[TowerTalk] Relay Selection

Tom Rauch W8JI@contesting.com
Fri, 20 Jul 2001 10:01:39 -0400

There is something everyone should keep in mind with RF switches 
that are open, or have open contacts that are held at a different RF 
potential than the input, and connect to a structure up in the air.

There is, besides the RF potential and weather effects on arc 
paths, another often missed effect....sparks from distant lightning 
or precipitation static. The worse possible situation in the world is 
an open contact sectionalizing or isolating areas of an antenna.

If you have a relay in an antenna switch, precipitation static or 
lightning discharges in the distance can trigger a small spark 
across the contacts. If you happen to have RF applied, even 
modest power, the RF will sustain and increase the intensity of the 
plasma in the spark, and the result a few milliseconds later is a 
weakened or ruined relay.

This is one reason why antenna relays that live happily for years at 
many times the power suddenly fail in operation with melted-down 
contacts or carbon tracks or metal deposits across insulation, and 
why antenna relays usually need very large safety margins.

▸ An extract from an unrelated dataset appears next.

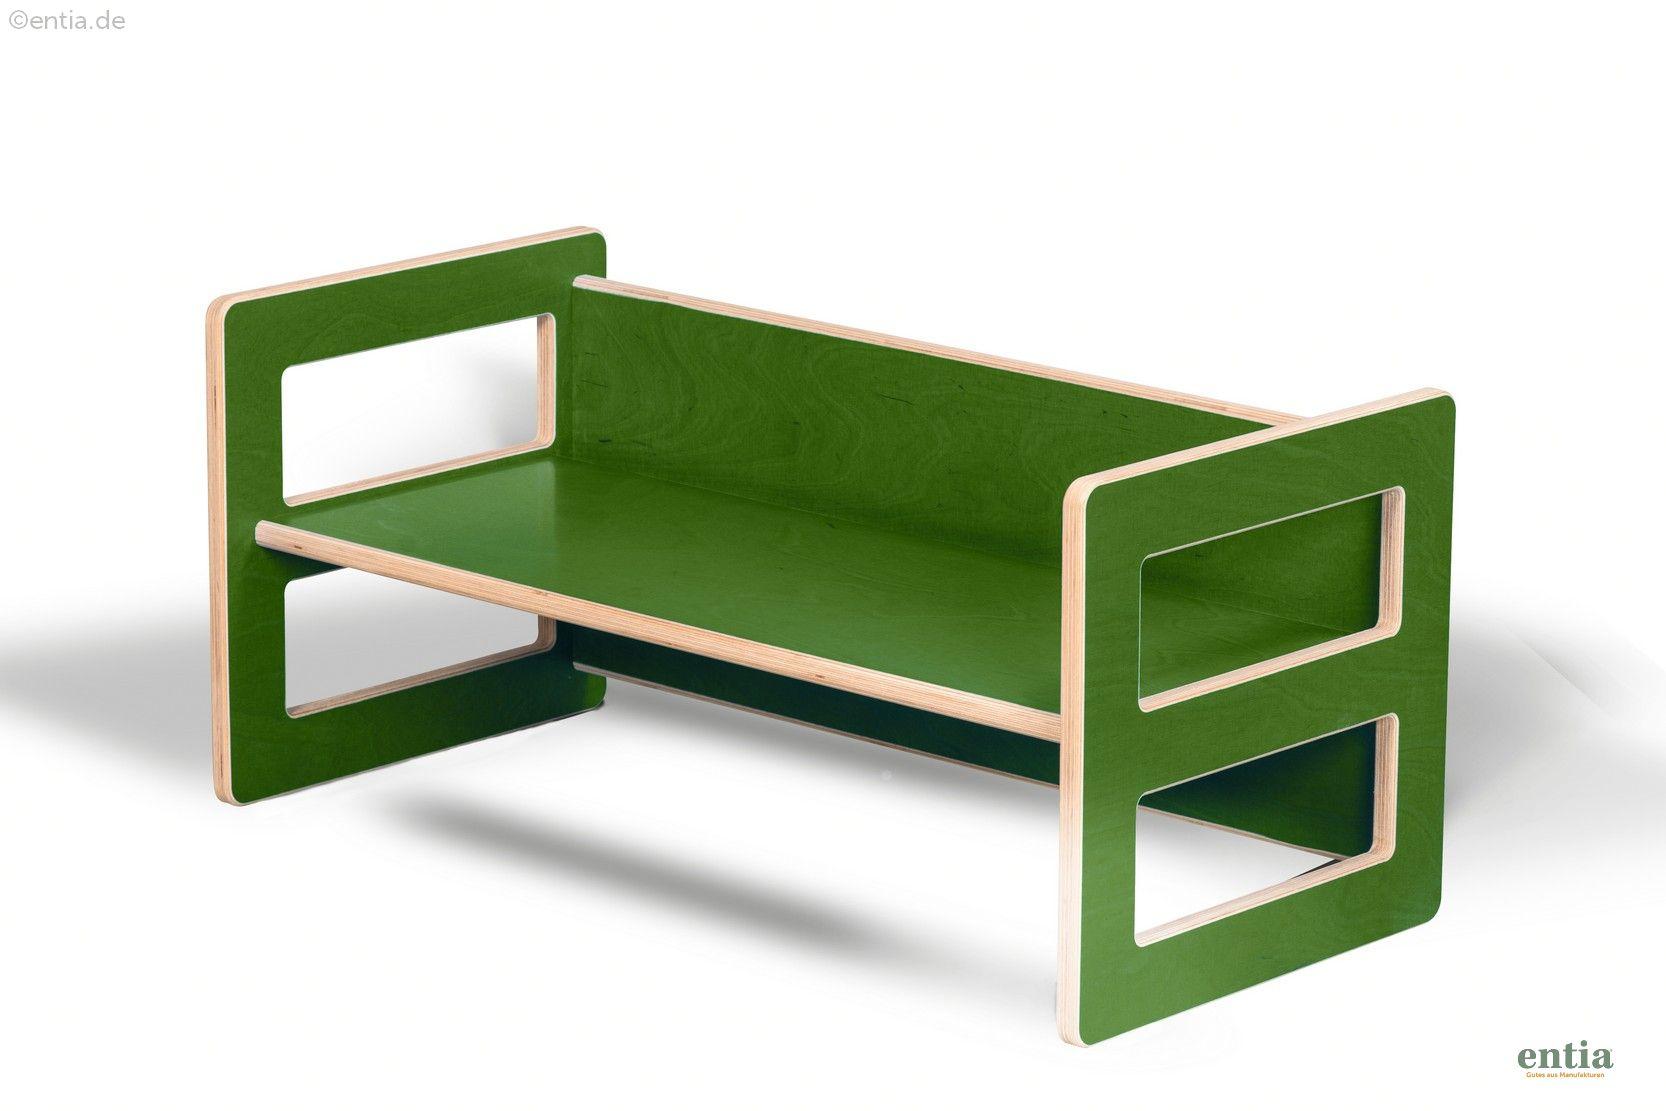 Kindermöbel Wendebank grün

This is why (besides the concerns about creepage across 
insulation due to moisture or dirt) relays that switch antenna 
systems have to be carefully selected.

The procedure I use, besides selecting a component that greatly 
exceeds the expected voltage and current, is intentionally firing a 
tiny weak spark from a HV dc supply across open contacts or from 
contacts to ground while the relay is handling normal RF power. If 
that triggers sustained arc that ruins the relay, the relay will be 
unreliable in service.

As a matter of fact I ran into this last week, testing some new 
relays. I had a relay that handled over 15kW in series with a line 
(contact closed), and nearly 25kW when parallelled with a 50 ohm 
line. Running only 300 peak volts of RF, I fired a tiny spark 
(discharged a .01uF 15kV capacitor) across the contacts. The 
relay immediately sustained an arc and melted the open contacts! 

That's why antenna relays often have to be overkill, and can't 
contain materials that go into vapor or carbon track easily.